Note: Non-employee directors receive time-based restricted stock; no performance metrics apply to director equity grants as disclosed.

Other Directorships & Interlocks

CategoryDisclosure
Current public company boardsNot disclosed in AORT’s 2025 proxy biography for Ms. Borgstrom; proxy lists private and non-profit boards only.
Compensation Committee interlocksCompany disclosed no executive officer interlocks; no additional interlocks identified for directors beyond standard service.

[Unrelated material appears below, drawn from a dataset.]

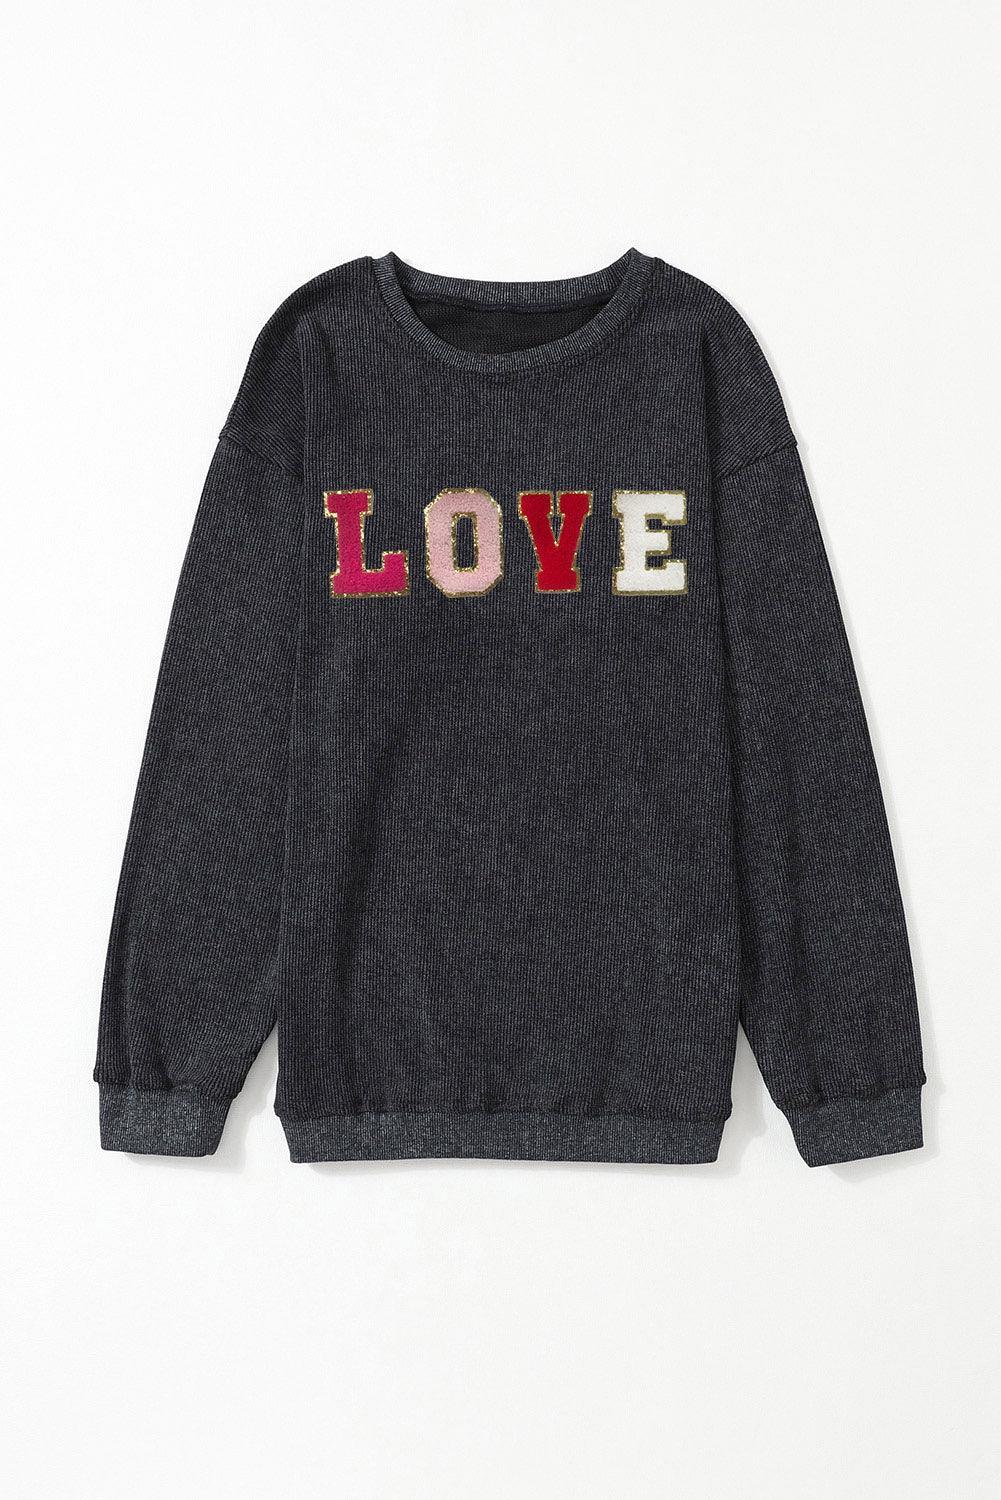 Black Glitter LOVE Letter Graphic Corded Baggy Sweatshirt

Expertise & Qualifications

  • Large-scale healthcare operator: CEO experience running a multi-hospital integrated health system; recognized within the healthcare industry.
  • Regulatory, quality, and healthcare compliance oversight: Chairs Artivion’s Innovation & Healthcare Compliance Committee with remit over R&D, clinical, regulatory, quality, healthcare law compliance, and joint ERM oversight with Audit.
  • Governance and succession: Member of Corporate Governance Committee overseeing board evaluations, CEO evaluation/comp, succession, and governance policies.

Equity Ownership

ItemDetail
Total beneficial ownership42,763 shares as of Mar 17, 2025; <1% of outstanding; includes 6,289 unvested restricted shares from May 30, 2024 grant.
Shares pledged as collateralNone of the director shareholdings shown are subject to a pledge or similar arrangement.
Shares outstanding (record date)42,689,303 shares as of Mar 17, 2025 (for percentage context).
Director stock ownership guideline5x annual Board retainer for non-employee directors; all non-employee directors currently satisfy this standard.

Governance Assessment

  • Positive signals:
    • Independent director with deep healthcare operations and compliance expertise; chairs a key risk/compliance committee aligned to Artivion’s regulatory profile.
    • High shareholder support in 2025 director election (34.62M For vs 0.32M Withheld).
    • Solid engagement: Board met 12x; committees active; all directors met ≥75% attendance threshold in 2024.
    • Ownership alignment: Time-based restricted stock; director ownership guideline of 5x retainer met by all non-employee directors; no pledging.
    • Hedging and short sales prohibited under Insider Trading Policy.
  • Potential risks/RED FLAGS:
    • None identified specific to Ms. Borgstrom: no related-party transactions disclosed involving her; no pledge of shares; no attendance shortfall disclosed.
  • Context: 2025 say-on-pay passed (33.81M For vs 0.96M Against), indicating broader investor support for governance and pay programs.